◆ What needs to be done
Set down a true copy of the data, with all pictures left out.

◆ Data excerpt
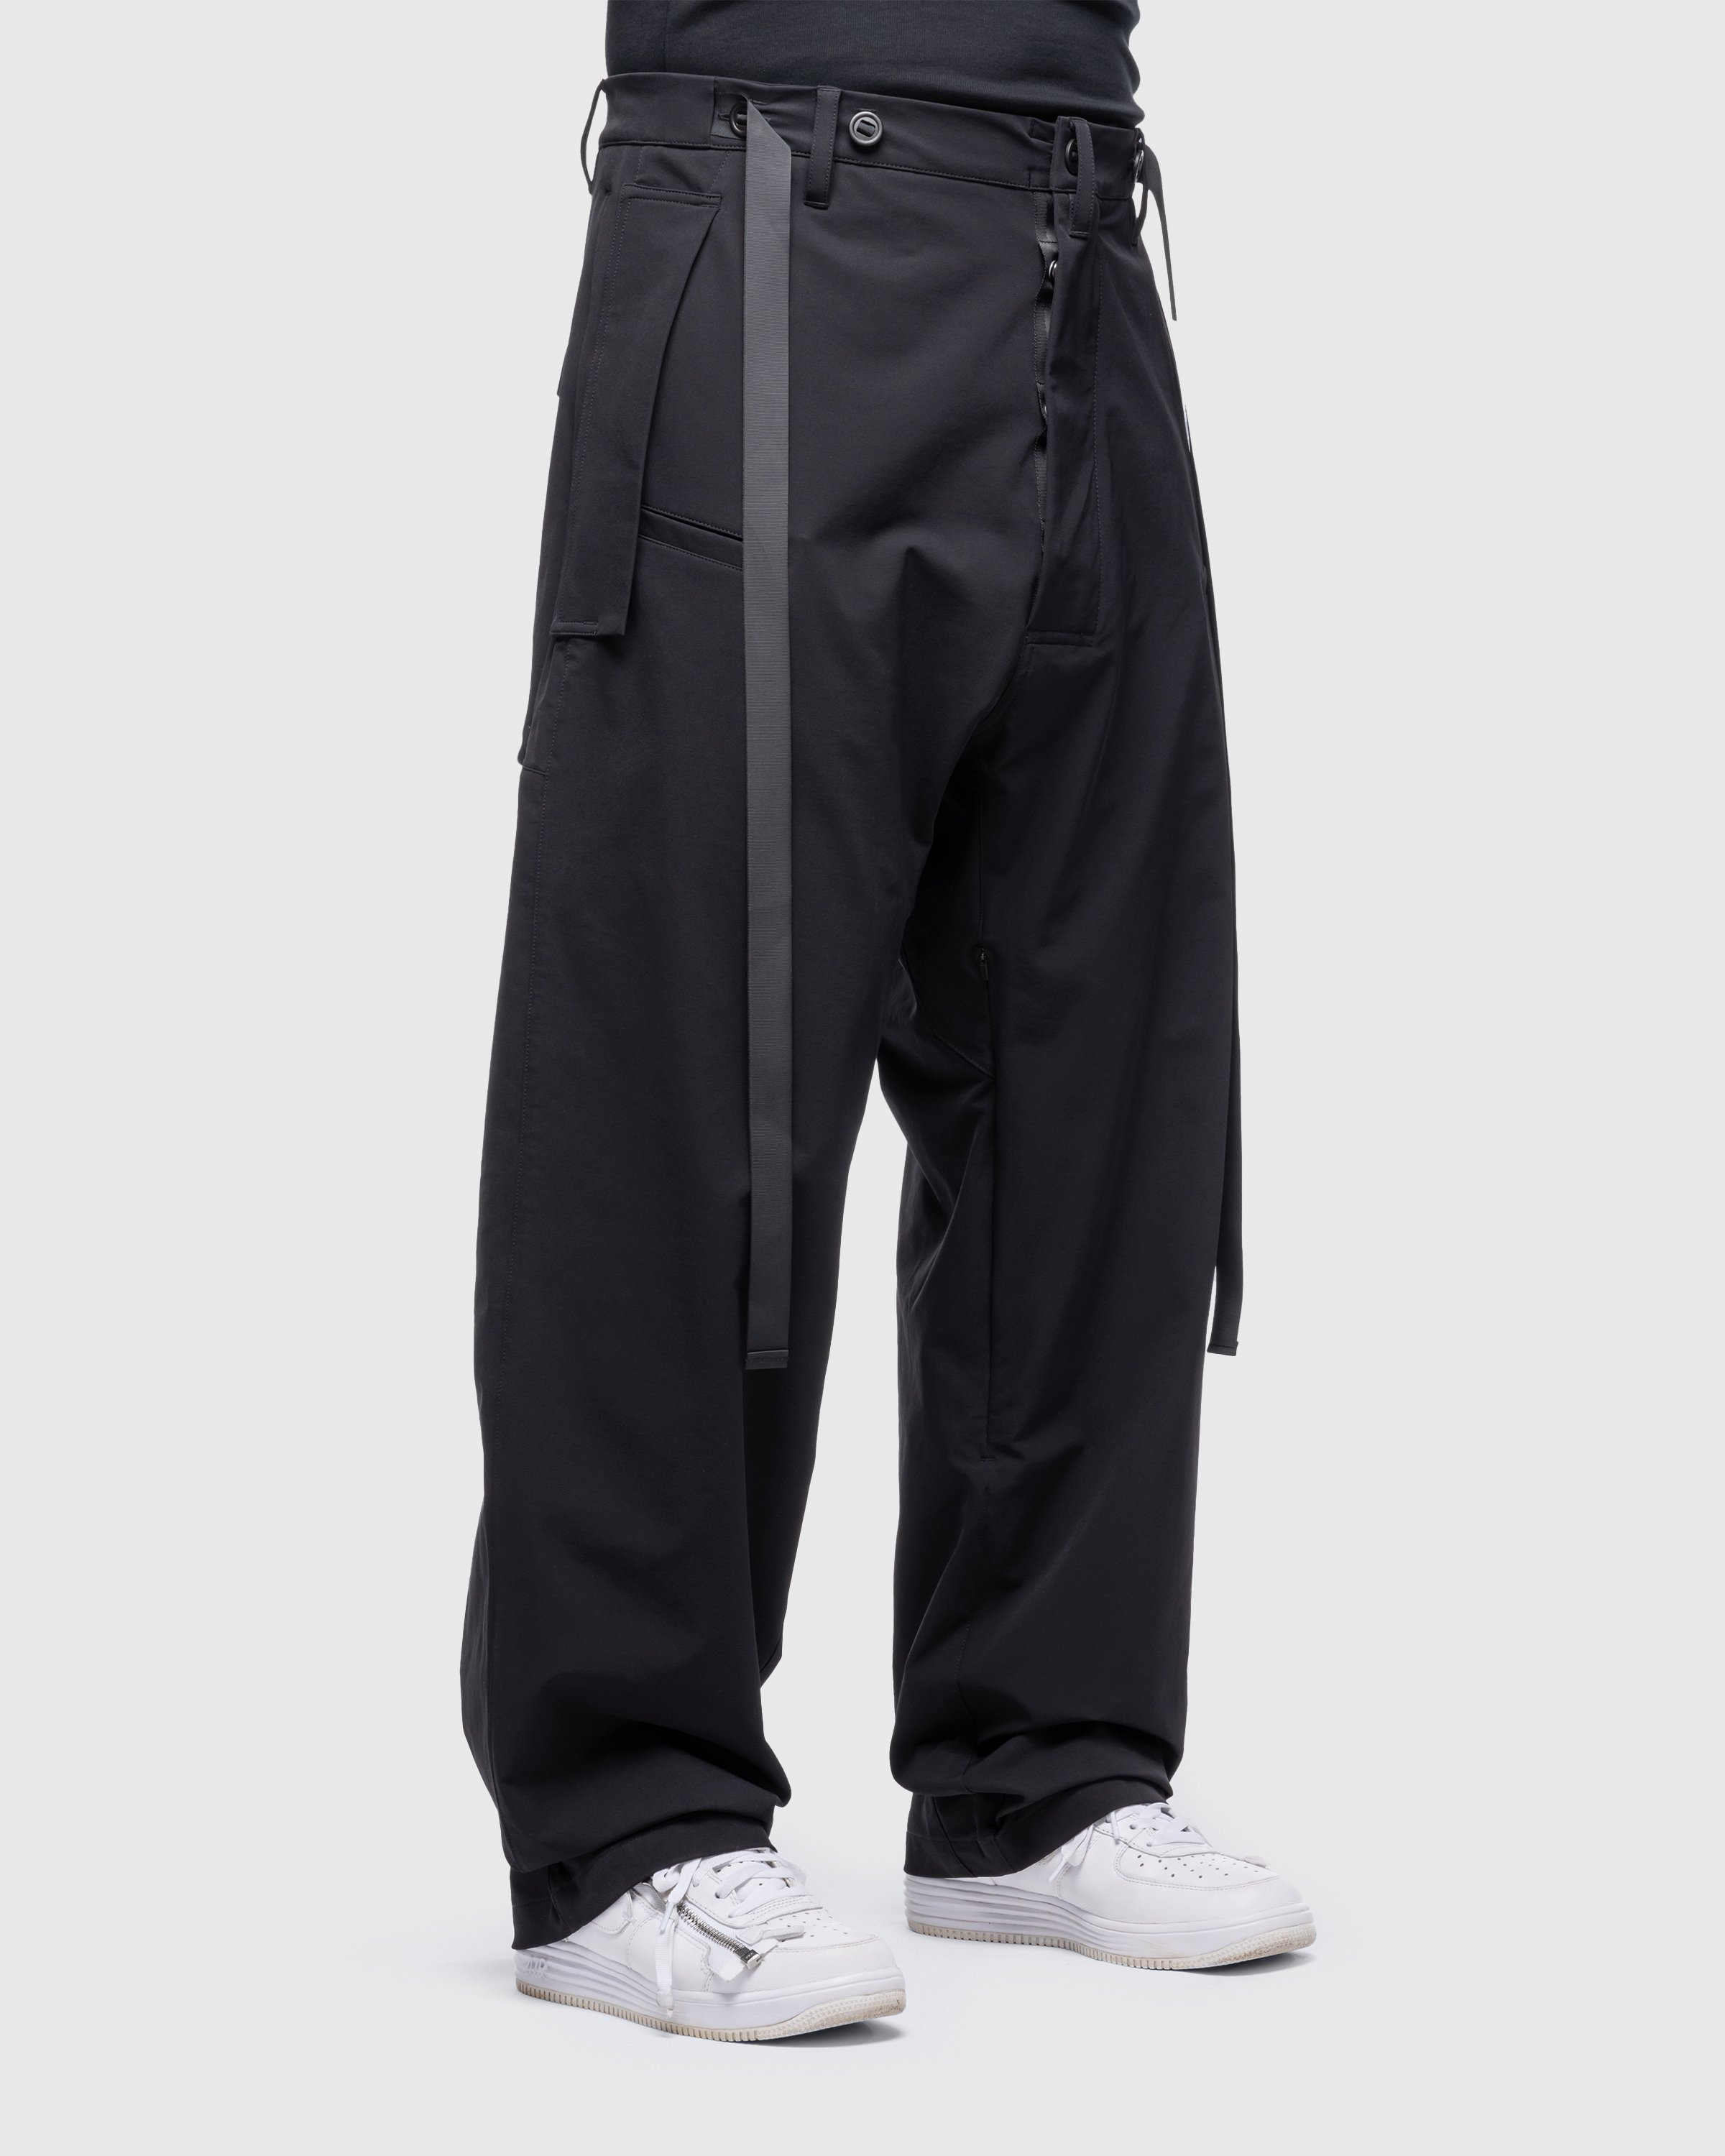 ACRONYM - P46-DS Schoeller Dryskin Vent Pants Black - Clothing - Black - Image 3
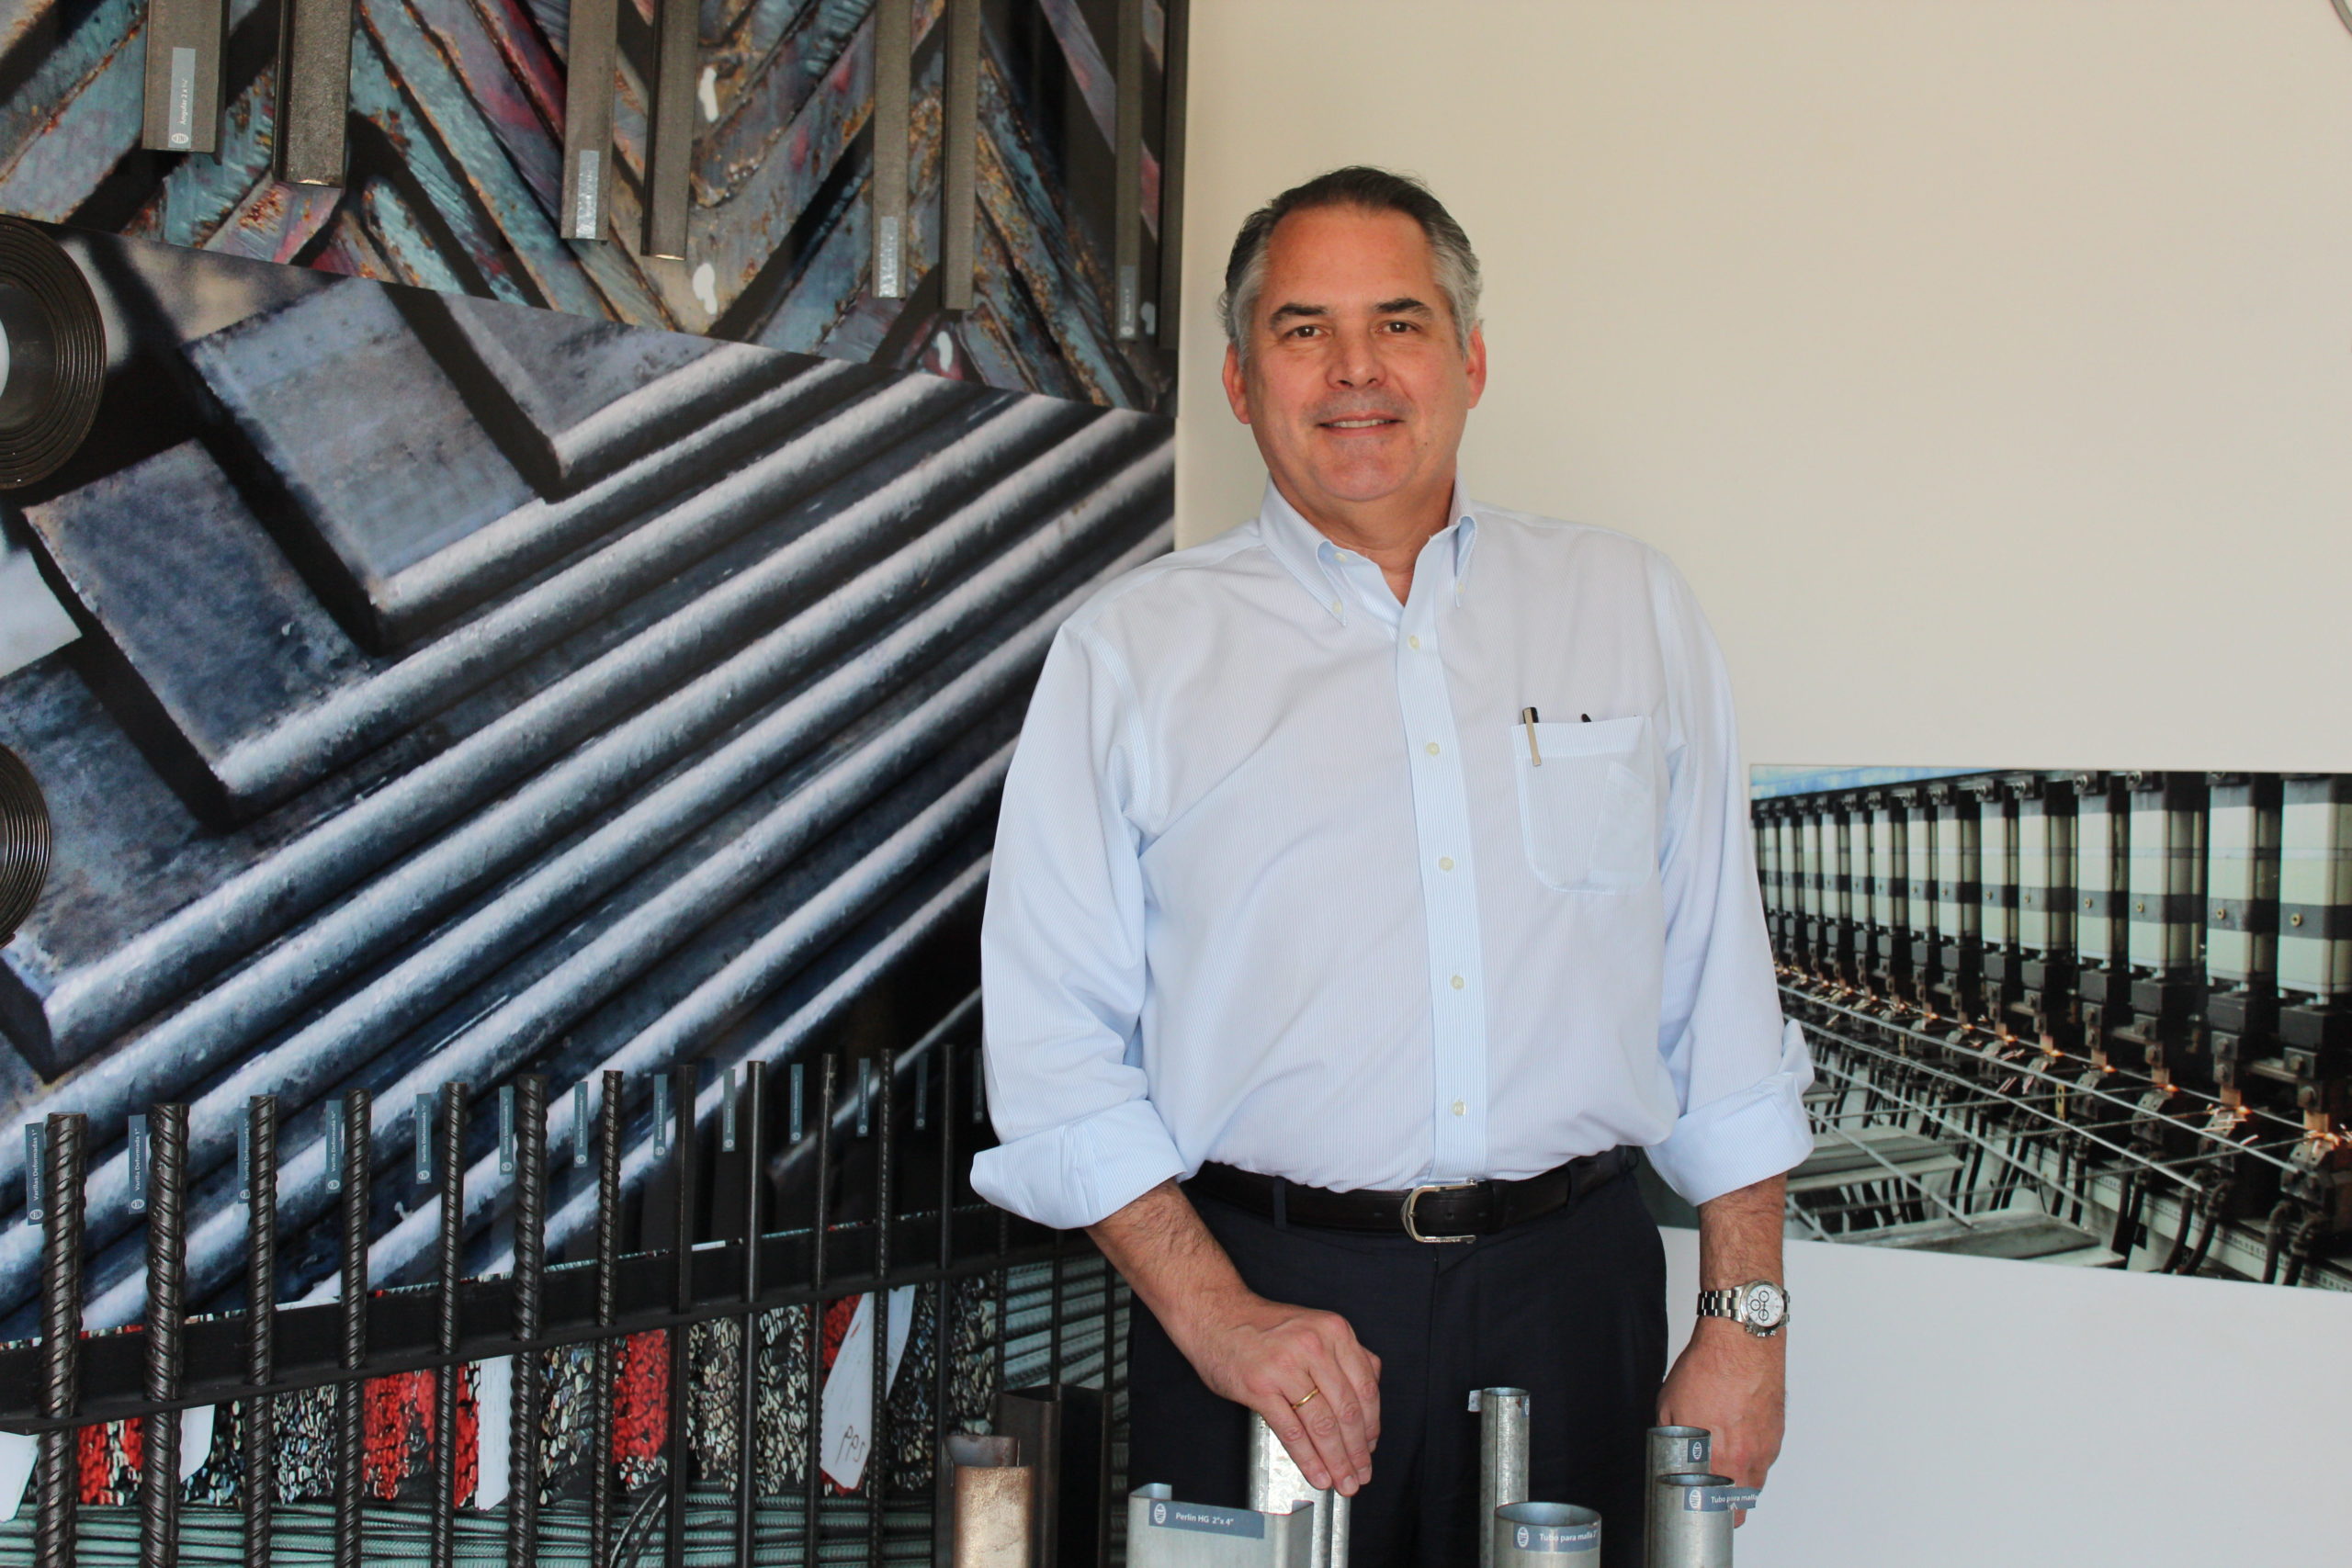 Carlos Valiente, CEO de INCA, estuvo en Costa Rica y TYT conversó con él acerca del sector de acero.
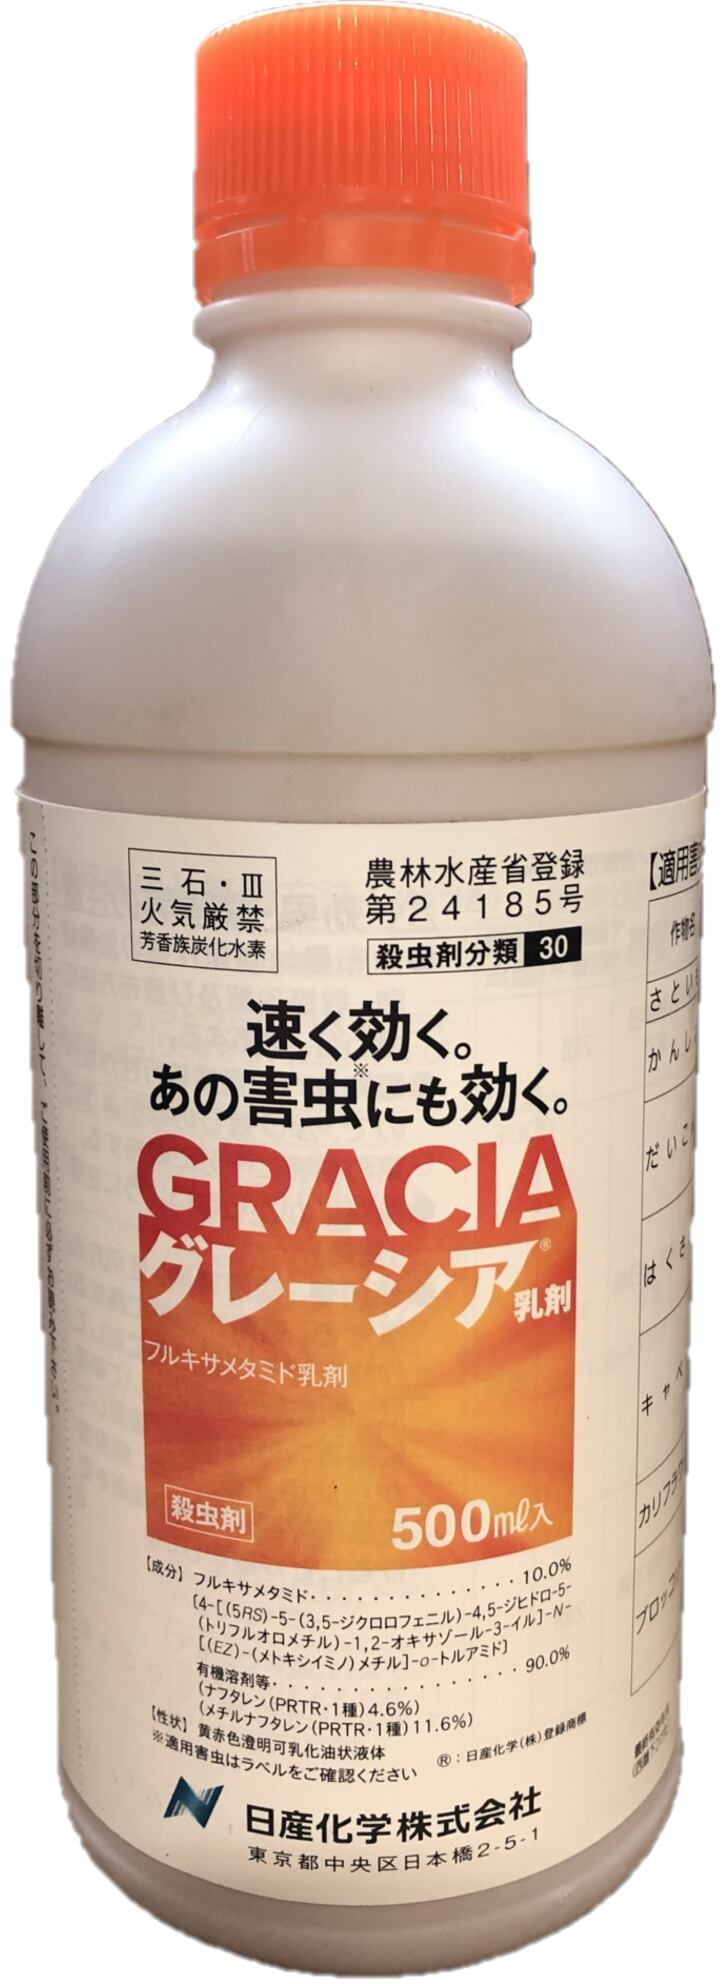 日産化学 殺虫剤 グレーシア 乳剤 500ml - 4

◆ Response area
 ACRONYM - P46-DS Schoeller Dryskin Vent Pants Black - Clothing - Black - Image 3
 Carlos Valiente, CEO de INCA, estuvo en Costa Rica y TYT conversó con él acerca del sector de acero.
 日産化学 殺虫剤 グレーシア 乳剤 500ml - 4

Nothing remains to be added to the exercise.